§ The problem
Exact reproduction required: the lines below from the line with "Hermes Style |" to the line with "Ножки (NJ_0061) 3D модель для ЧПУ станка", both ends included, and no others.

§ Dataset records
--

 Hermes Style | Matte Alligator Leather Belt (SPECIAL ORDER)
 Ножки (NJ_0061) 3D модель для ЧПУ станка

--

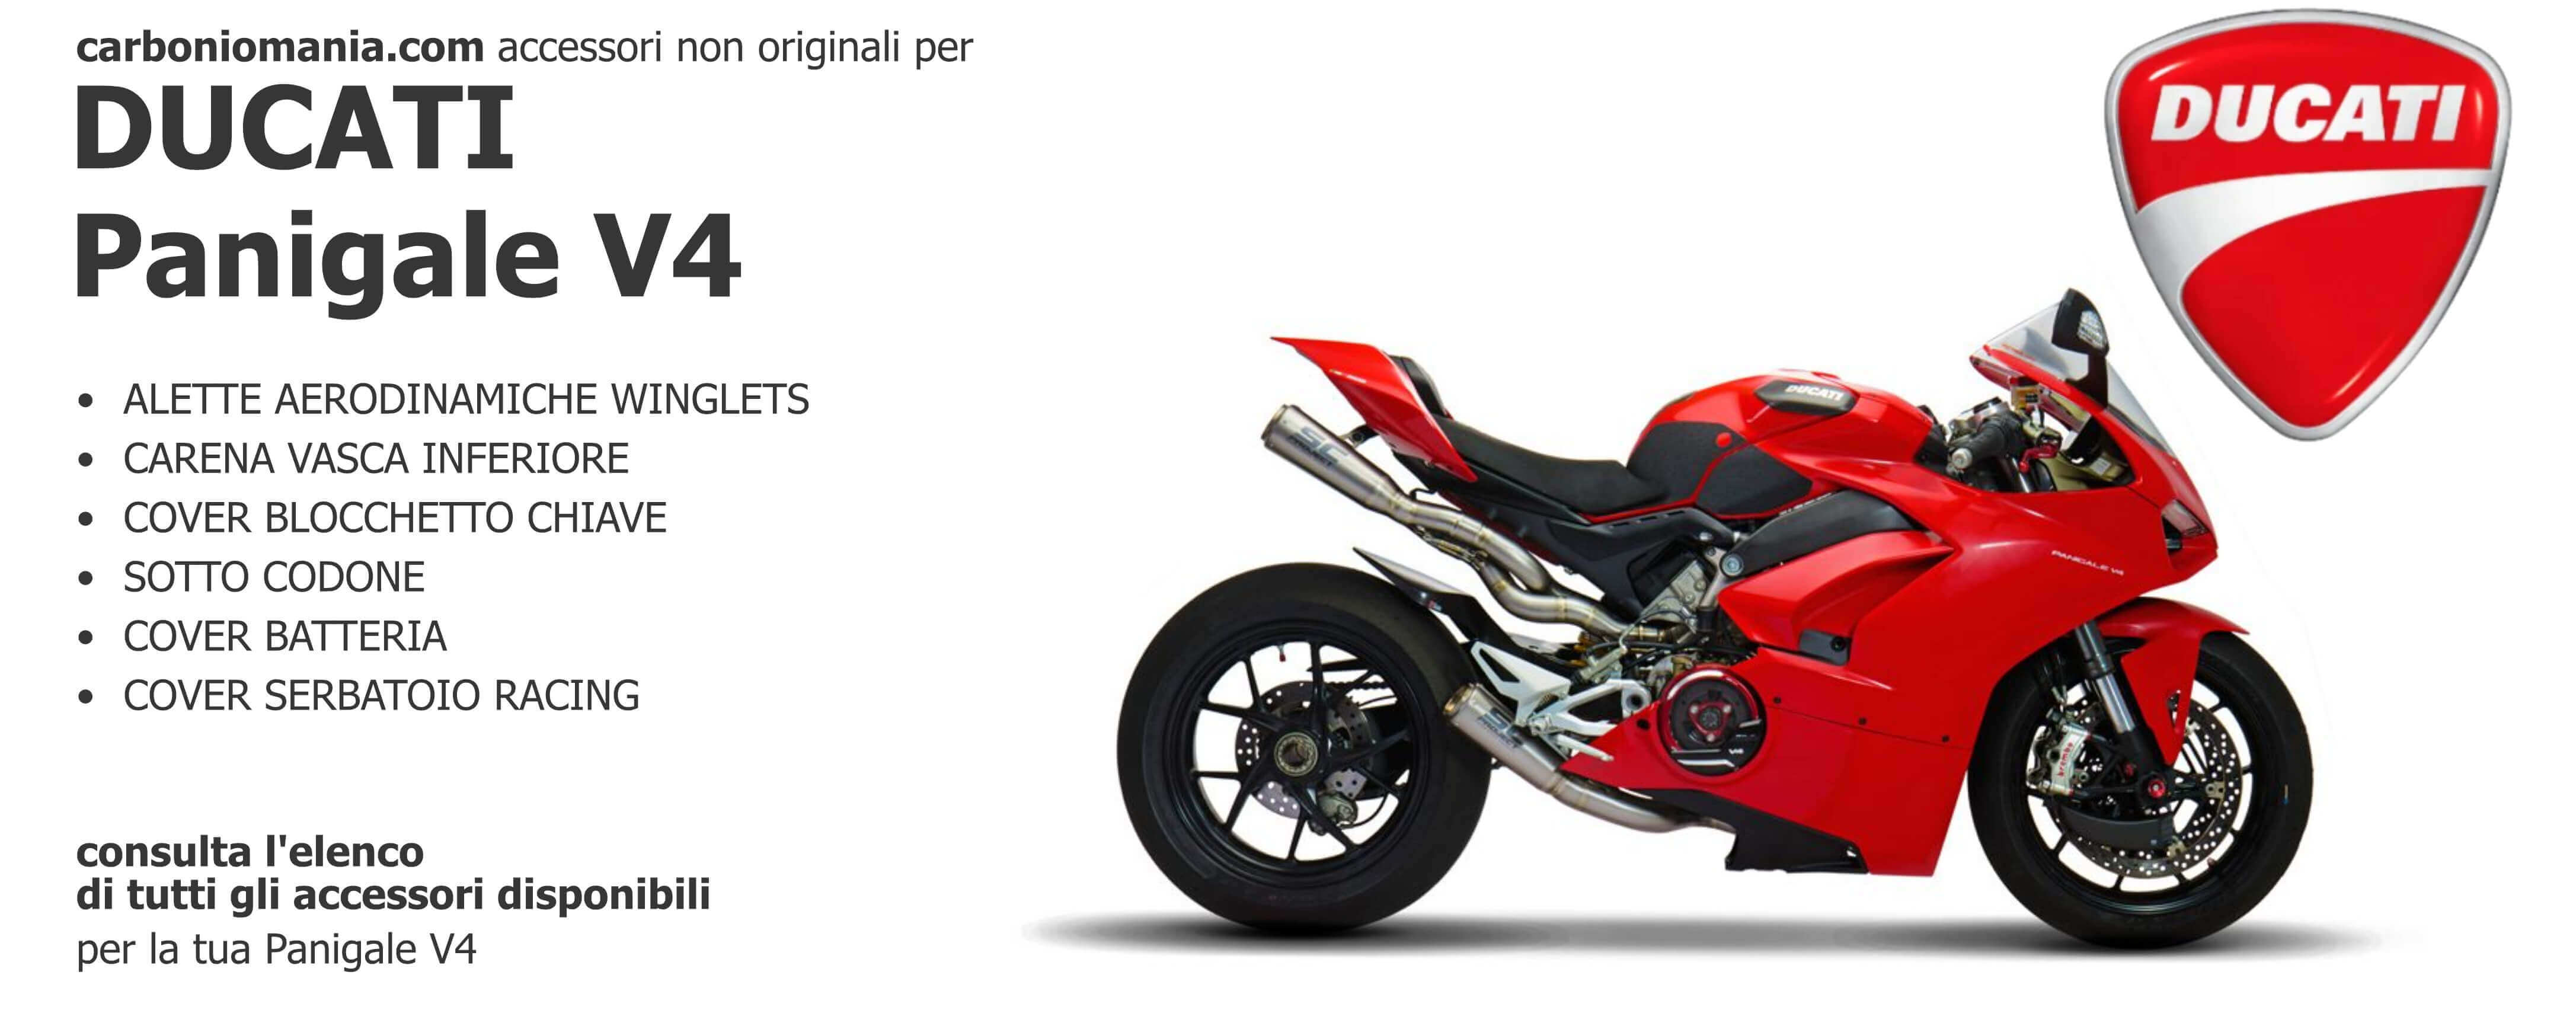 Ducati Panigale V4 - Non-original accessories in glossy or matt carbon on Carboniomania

--

§ Worked solution
 Hermes Style | Matte Alligator Leather Belt (SPECIAL ORDER)
 Ножки (NJ_0061) 3D модель для ЧПУ станка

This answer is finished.